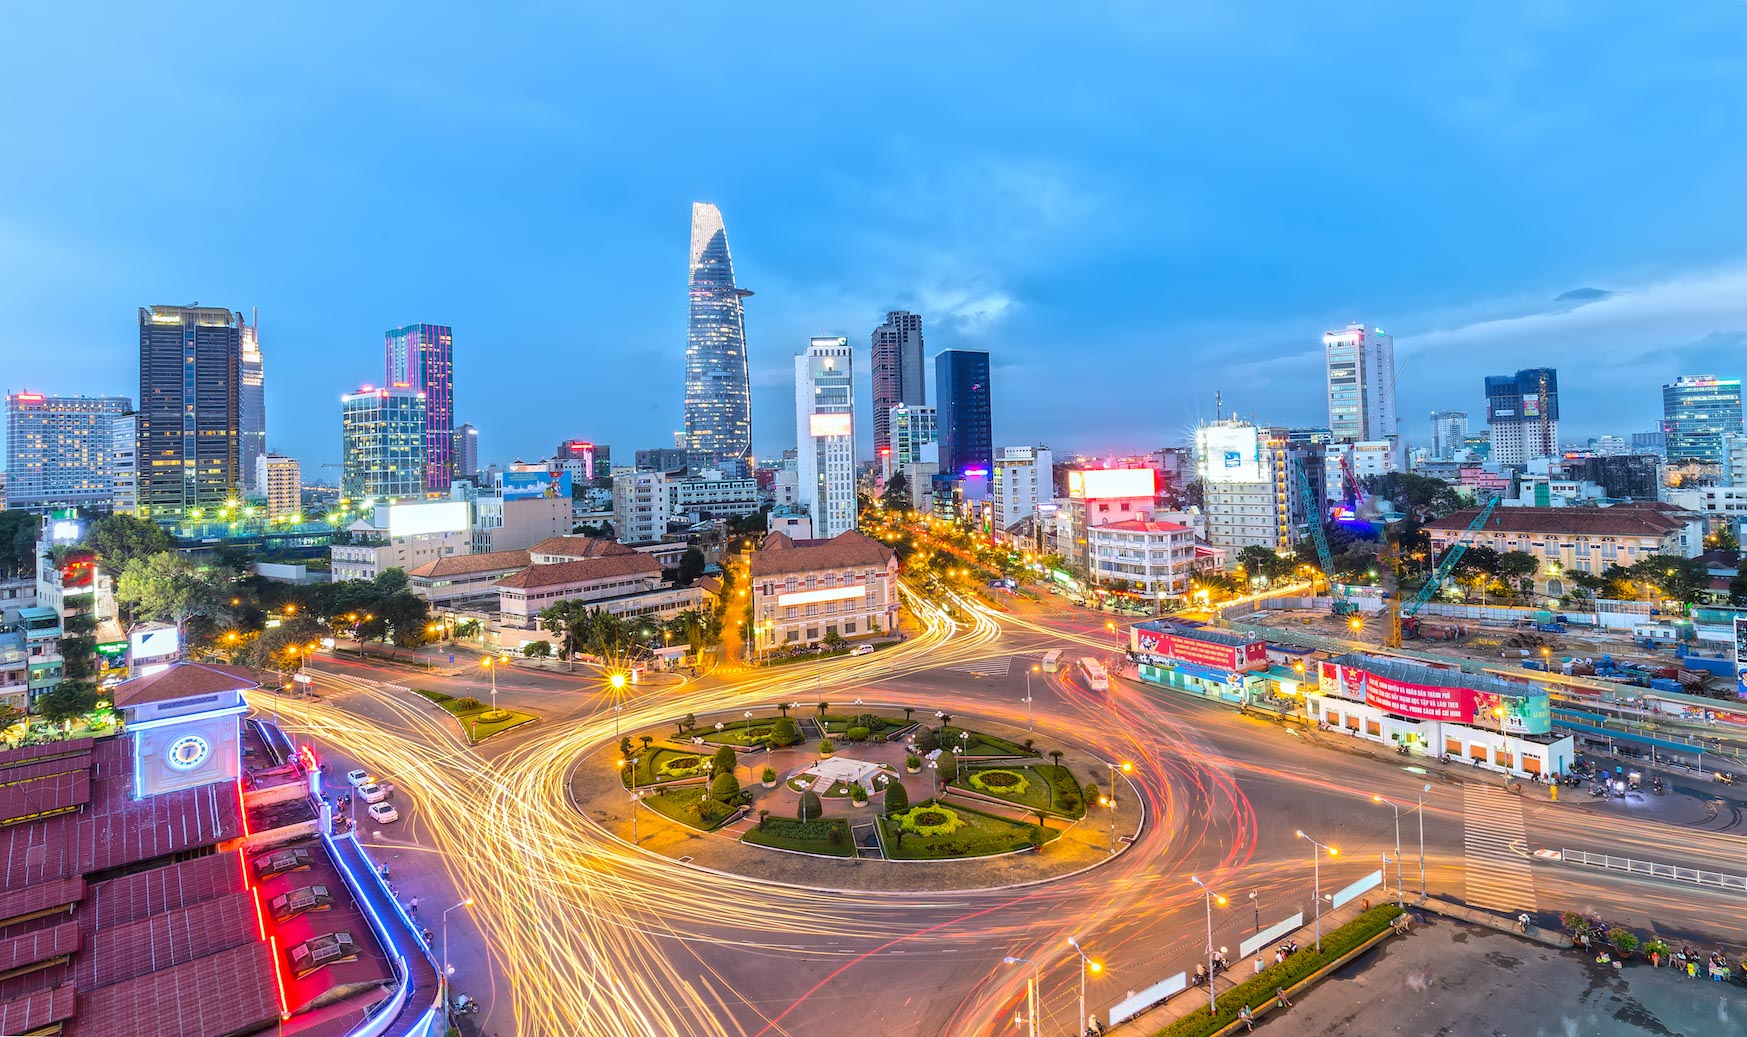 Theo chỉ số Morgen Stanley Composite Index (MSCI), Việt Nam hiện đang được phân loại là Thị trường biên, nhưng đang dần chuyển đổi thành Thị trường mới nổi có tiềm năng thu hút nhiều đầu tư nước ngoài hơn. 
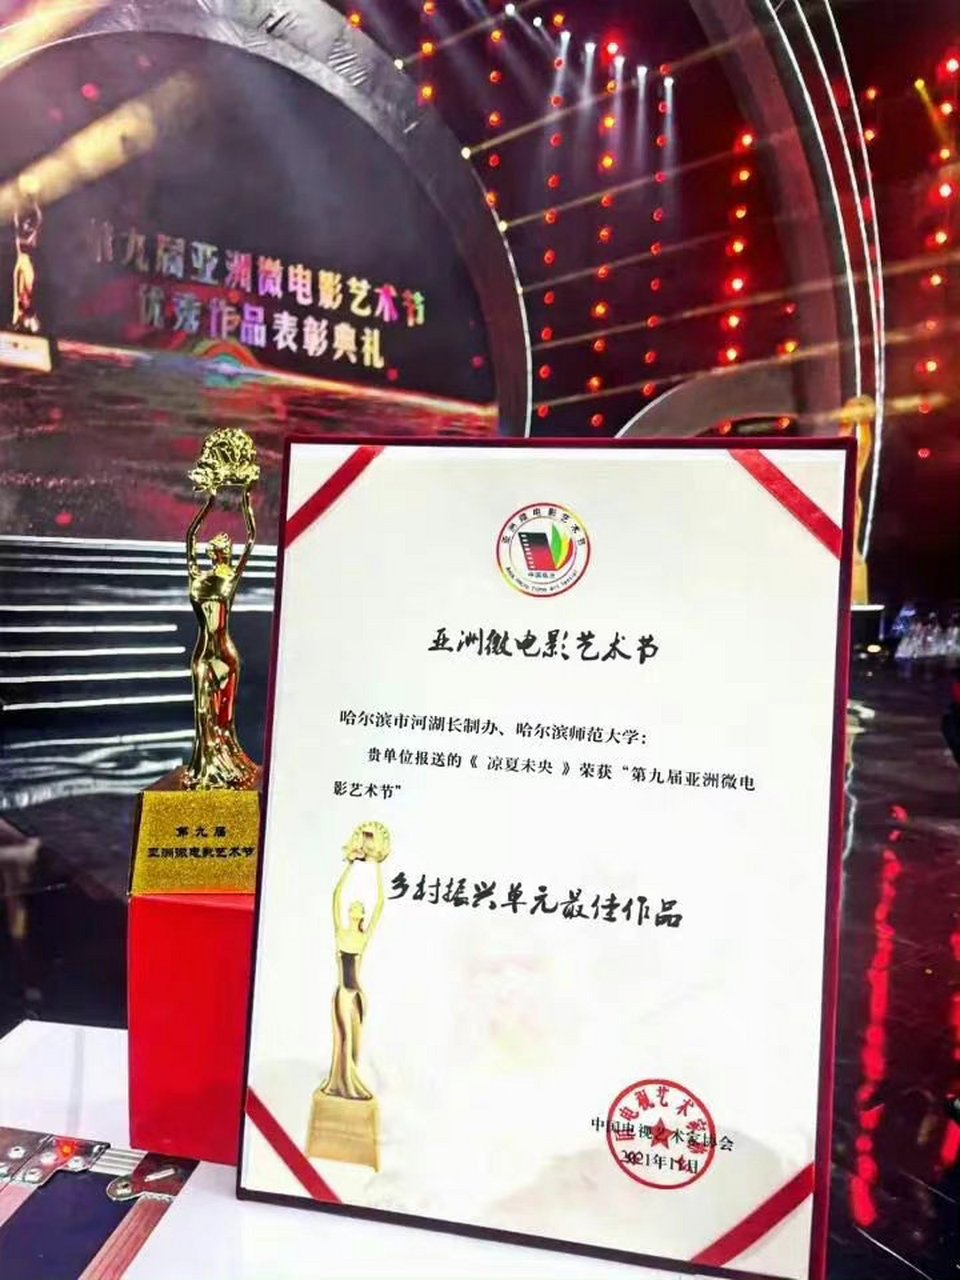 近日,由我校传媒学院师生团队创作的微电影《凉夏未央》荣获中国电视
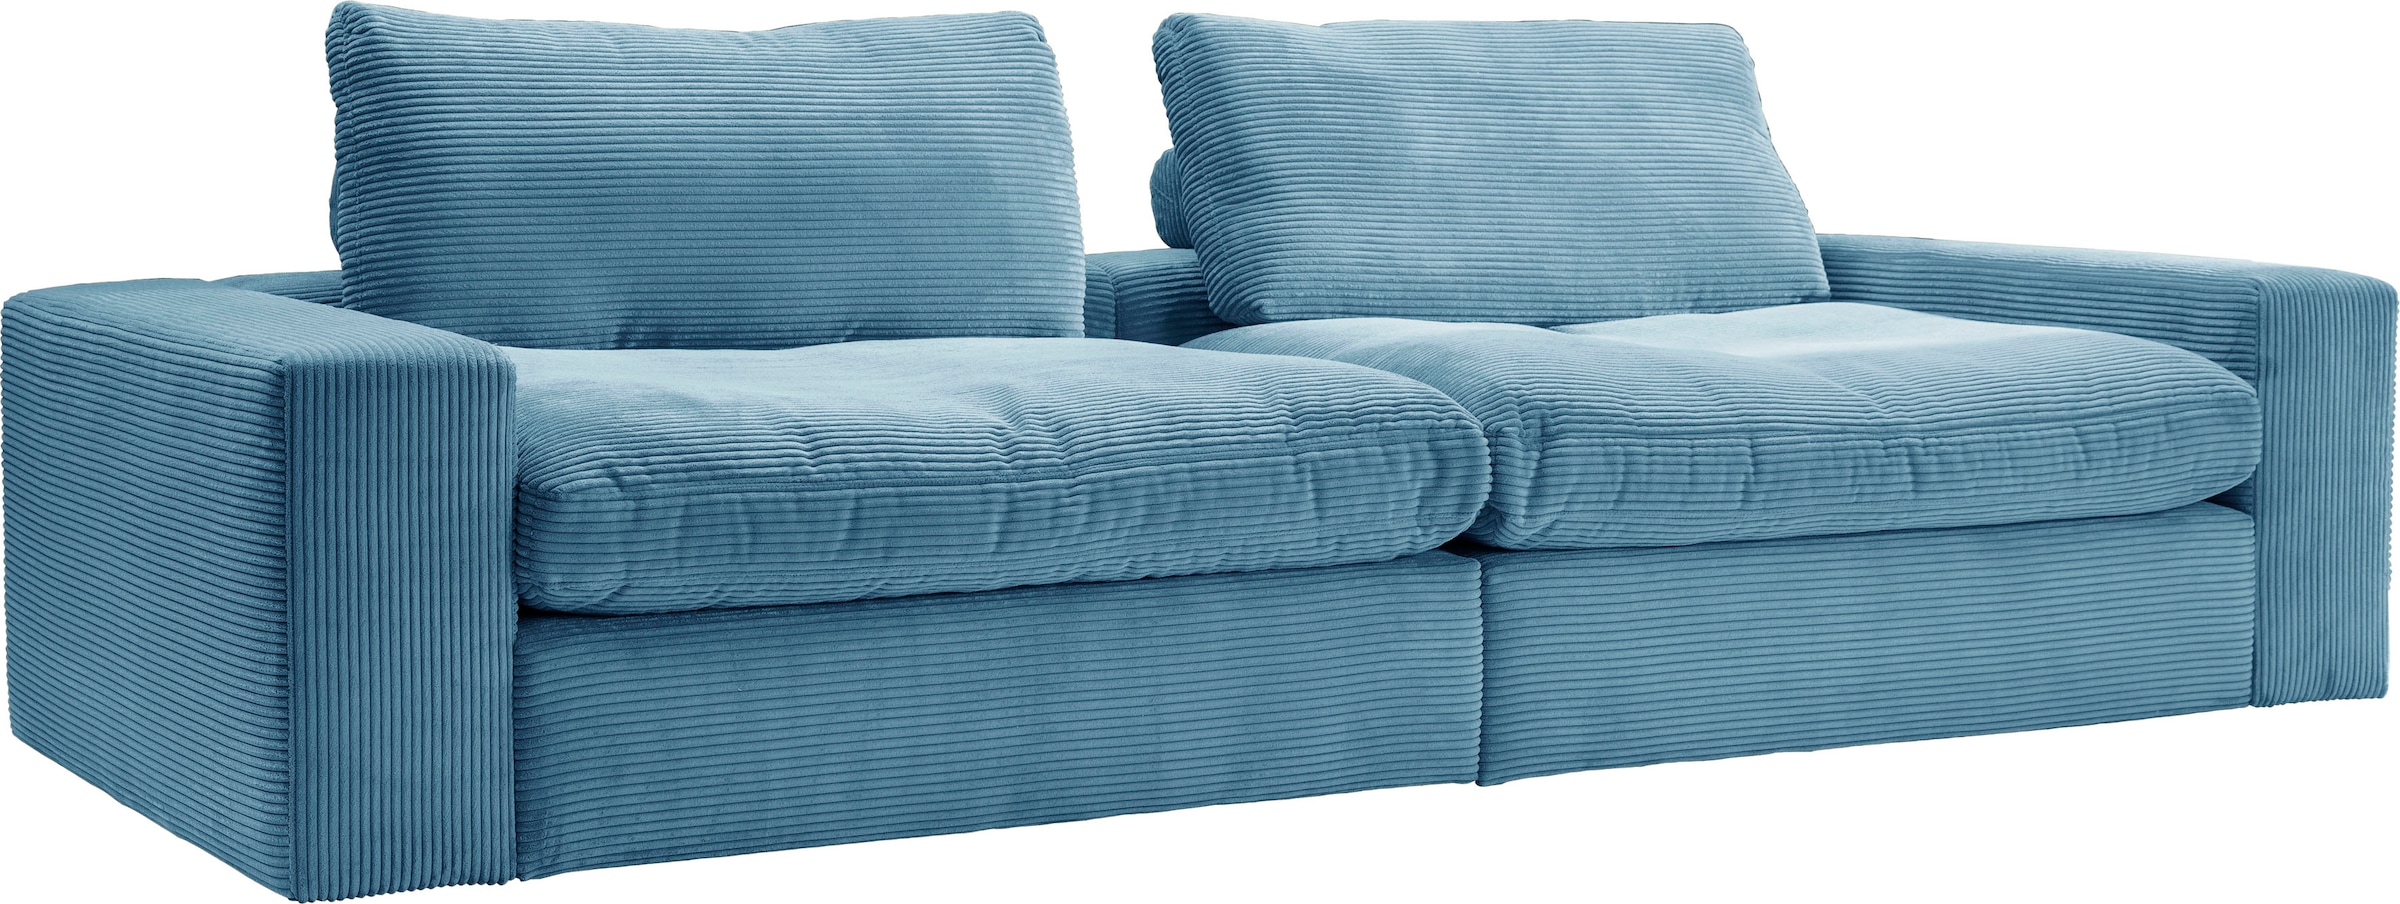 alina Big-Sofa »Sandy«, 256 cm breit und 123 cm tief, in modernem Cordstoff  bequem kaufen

» **Your task**:
Your copy of the listing should match it exactly, apart from the pictures, which are left out.

» **Response area**:
 Theo chỉ số Morgen Stanley Composite Index (MSCI), Việt Nam hiện đang được phân loại là Thị trường biên, nhưng đang dần chuyển đổi thành Thị trường mới nổi có tiềm năng thu hút nhiều đầu tư nước ngoài hơn. 
 近日,由我校传媒学院师生团队创作的微电影《凉夏未央》荣获中国电视
 alina Big-Sofa »Sandy«, 256 cm breit und 123 cm tief, in modernem Cordstoff  bequem kaufen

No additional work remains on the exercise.